■ **Provided data**:
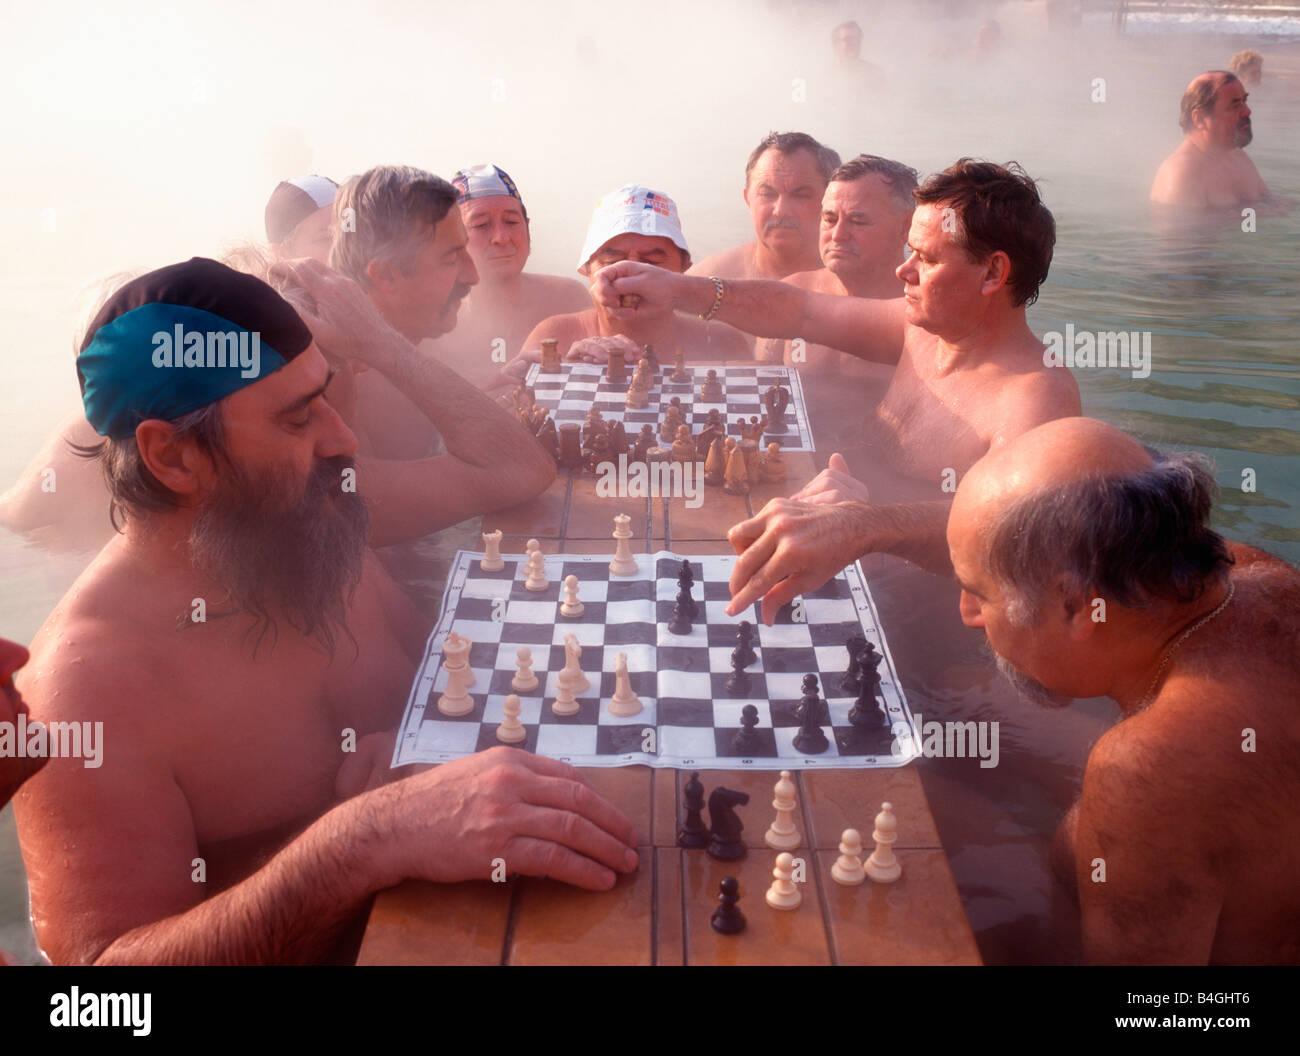 HUNGARY BUDAPEST SZECHENYI THERMAL BATH CHESS PLAYERS IN WATER - Stock Image
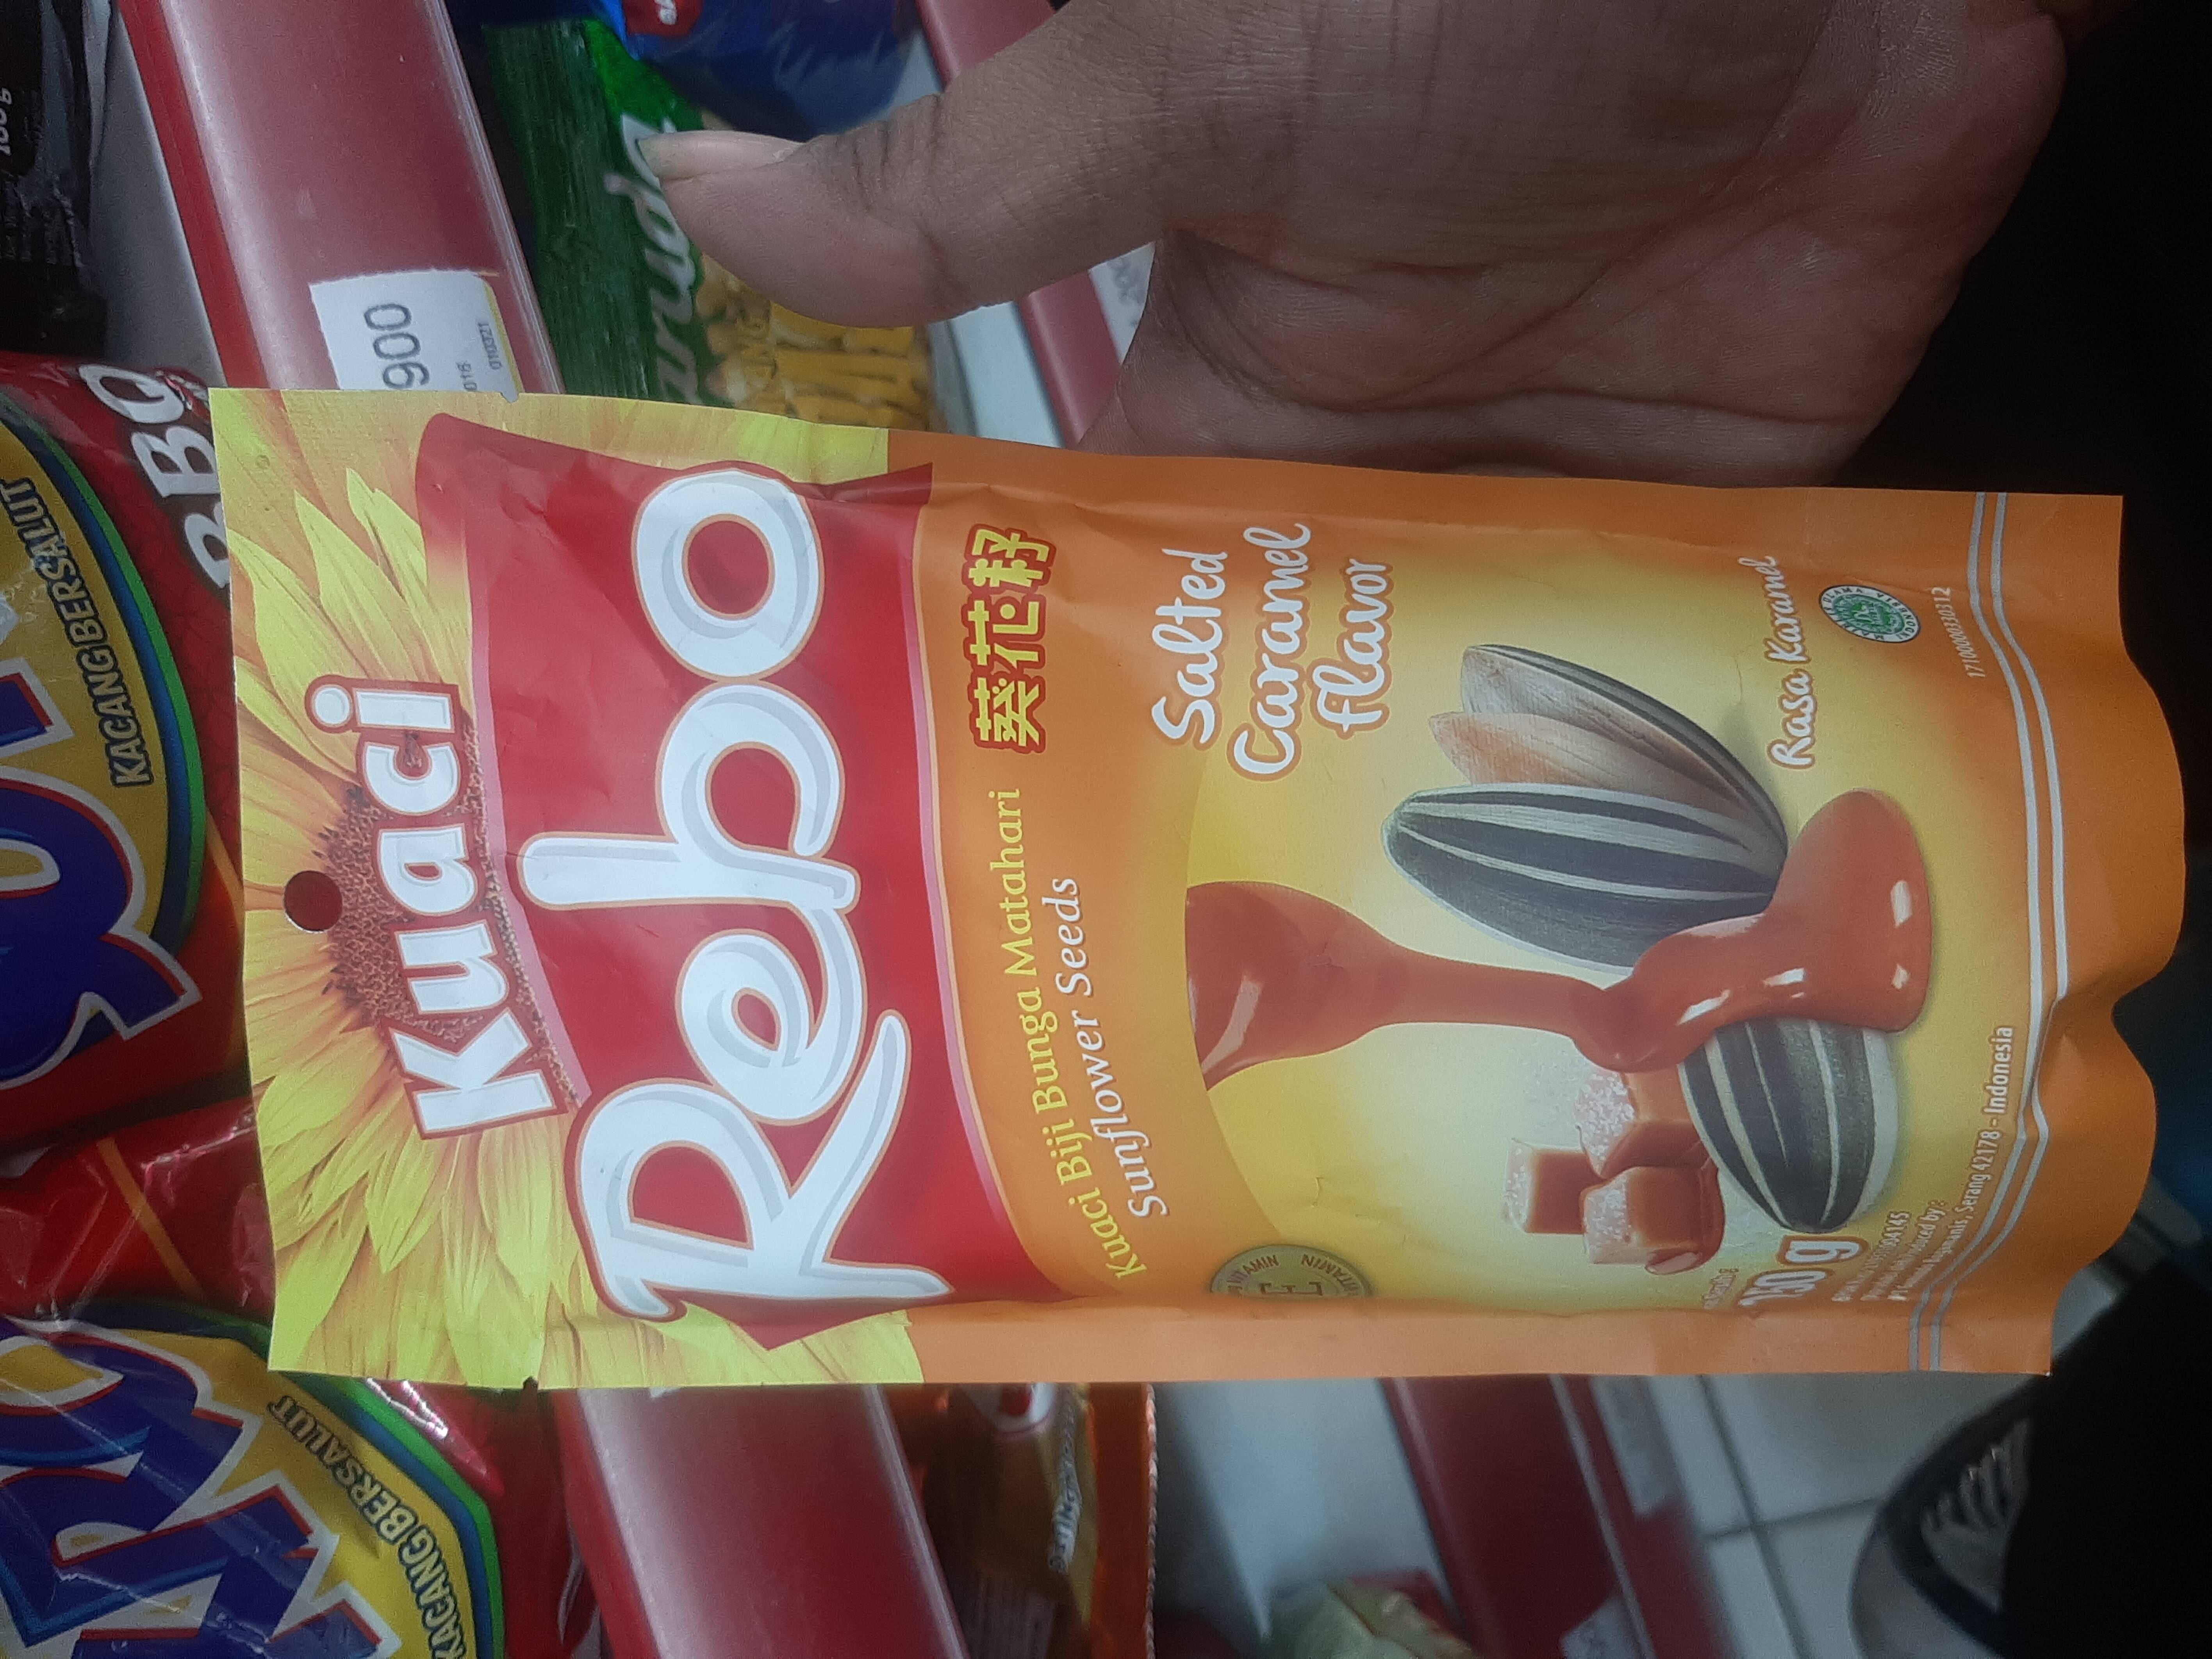 Rebo Kuaci Caramel 150Gr - Produk - id
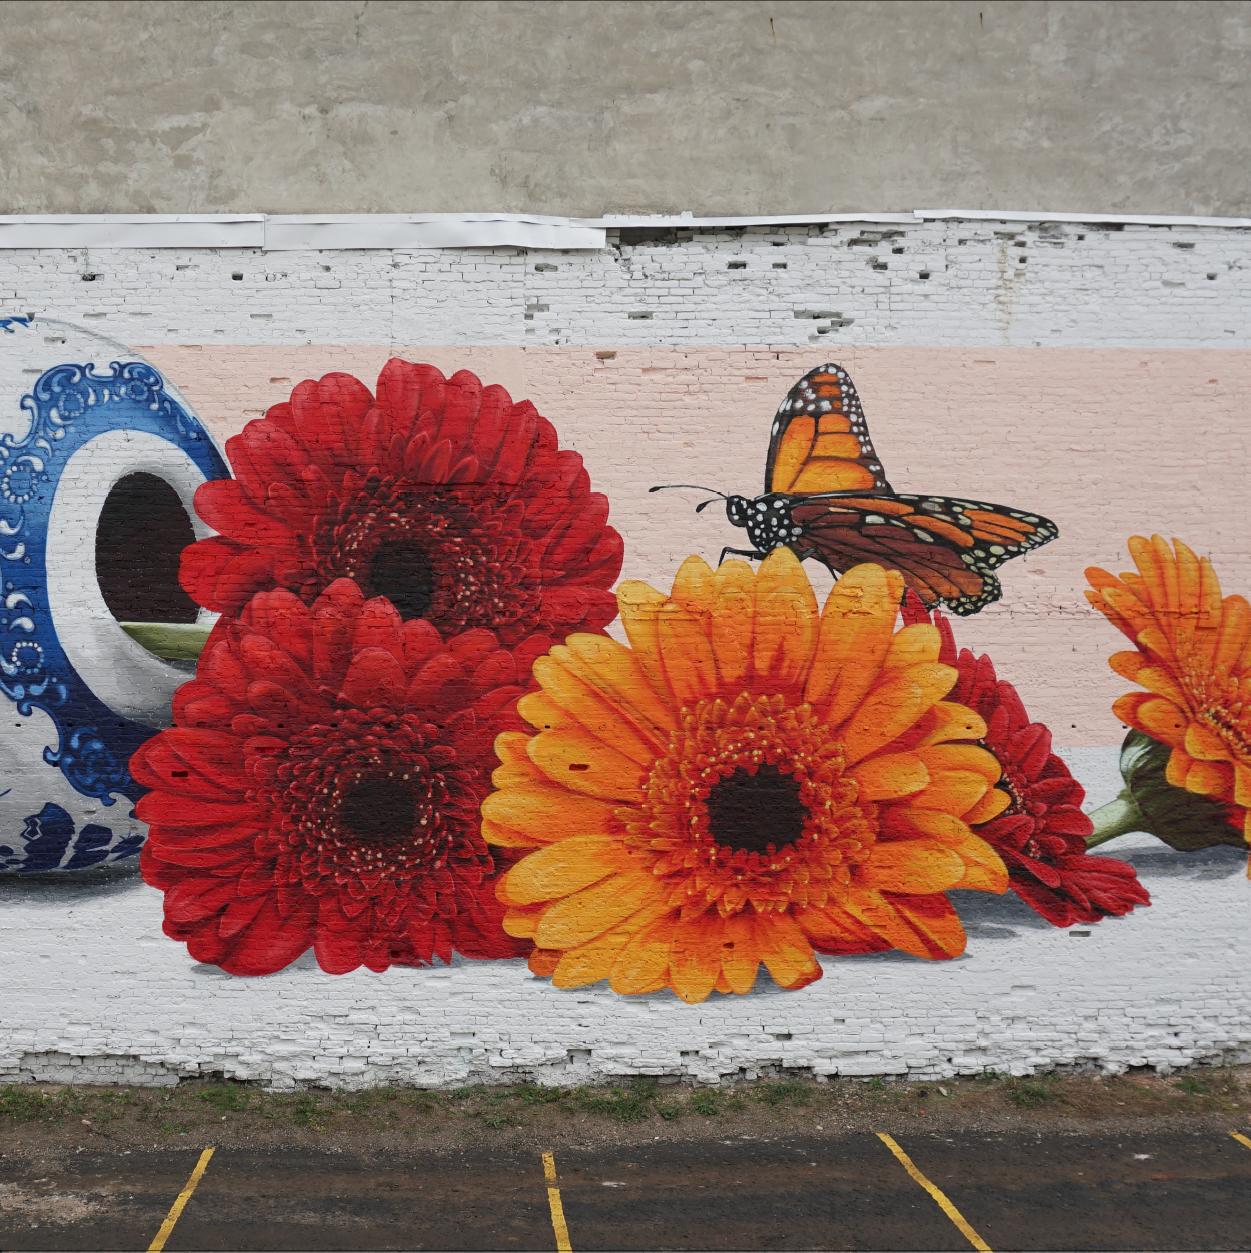 detail of Mural for Bright Walls mural fest, 2019

■ **Directions for this task**: The expected result is the material restated word for word, minus any picture.

■ **Completed exercise**:
 HUNGARY BUDAPEST SZECHENYI THERMAL BATH CHESS PLAYERS IN WATER - Stock Image
 Rebo Kuaci Caramel 150Gr - Produk - id
 detail of Mural for Bright Walls mural fest, 2019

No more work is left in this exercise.